Constructing a series

Suppose that ${\displaystyle \sum a_{n}}$ diverges and ${\displaystyle a_{n}>0}$. How does one show there exist ${\displaystyle b_{n}}$ with ${\displaystyle {\frac {b_{n}}{a_{n}}}\rightarrow 0}$ and ${\displaystyle \sum b_{n}}$ divergent? I did this question ages ago but really can't recall!

Thanks,

131.111.8.104 (talk) 17:03, 4 February 2009 (UTC)BTS

Dunno what the official proof is but if you let

${\displaystyle b_{n}=a_{n}/\sum _{i=1}^{n}a_{i}}$

I think this should do it because for groups of ${\displaystyle a_{n}}$ summing up to 1 the corresponding ${\displaystyle b_{n}}$ sum up to something like an entry in the Harmonic series (mathematics) ${\displaystyle 1/n}$. Well that's the idea I'm sure one would have to be a bit better at doing the job properly. Dmcq (talk) 17:29, 4 February 2009 (UTC)

Exact, Dmcq's one is perfect.
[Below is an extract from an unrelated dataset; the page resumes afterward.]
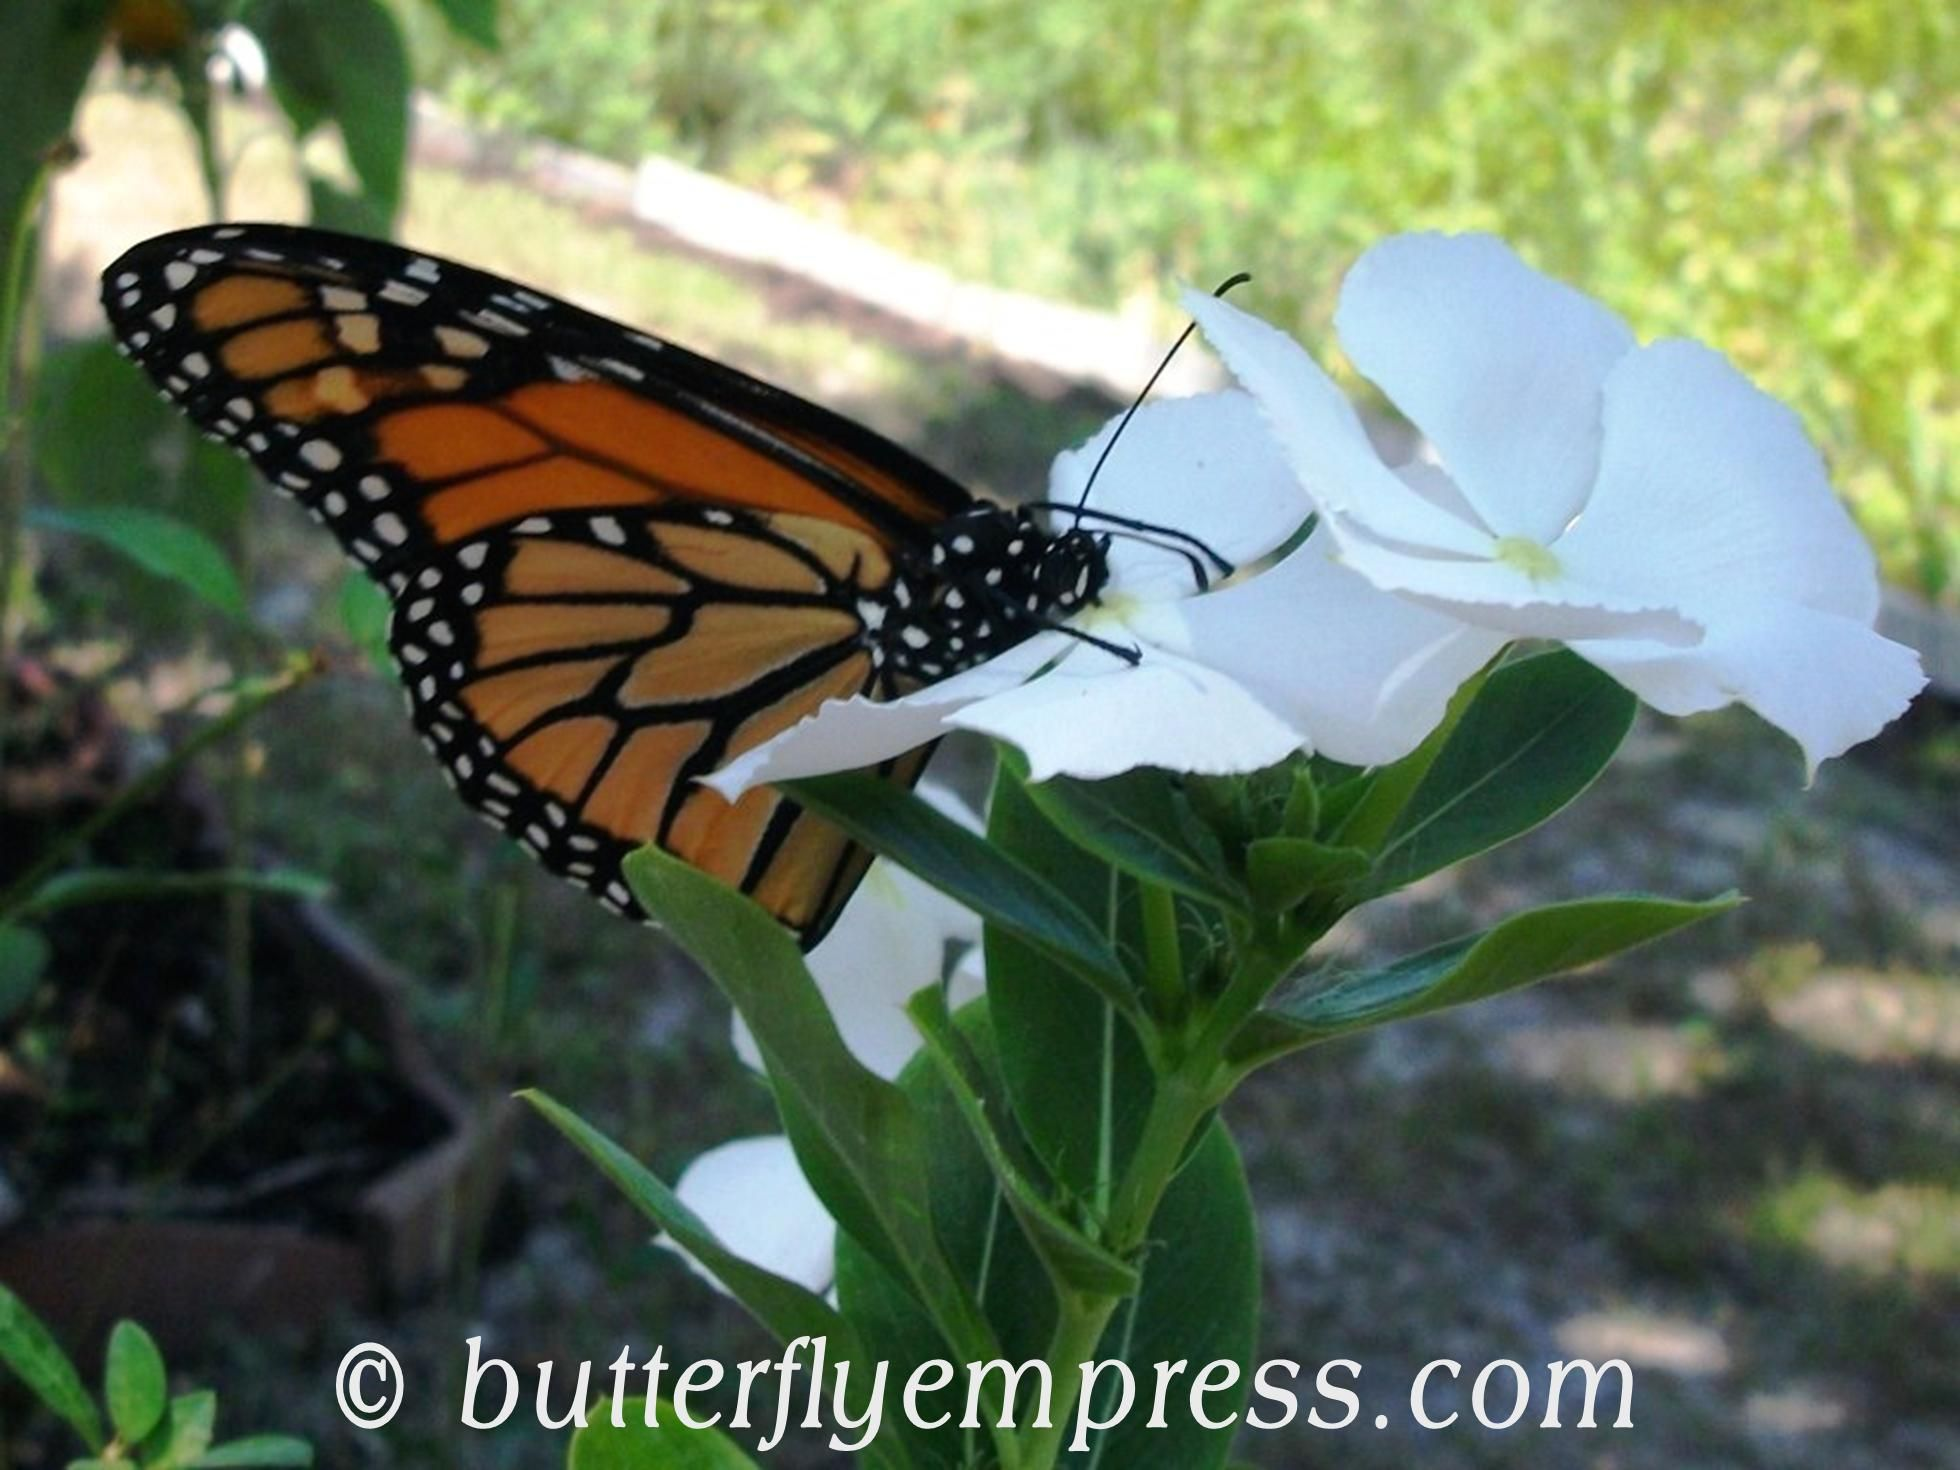 Monarch feeding on Madagascar Periwinkle Butterfly

Actually if you define

${\displaystyle b_{n}:={\frac {a_{n+1}}{\sum _{i=1}^{n}a_{i}}}}$,

the proof of the divergence is immediate: you can see the nth partial sum ${\displaystyle \scriptstyle \sum _{i=1}^{n}b_{i}}$ as an upper Riemann sum for ${\displaystyle 1/x}$ relative to the subdivision whose points are exactly the first ${\displaystyle n+1}$ partial sums of the ${\displaystyle a_{i}}$, so diverges. (In fact, the partial sums of the ${\displaystyle b_{i}}$ are asymptotically the log of the partial sums of the ${\displaystyle a_{i}}$). --pma (talk) 18:09, 4 February 2009 (UTC)

Is it true to say ${\displaystyle lim({\frac {b_{n}}{a_{n}}}):n\rightarrow \infty =lim({\frac {b_{n}}{a_{n+1}}}):n\rightarrow \infty }$? —Preceding unsigned comment added by 131.111.8.102 (talk) 19:00, 4 February 2009 (UTC)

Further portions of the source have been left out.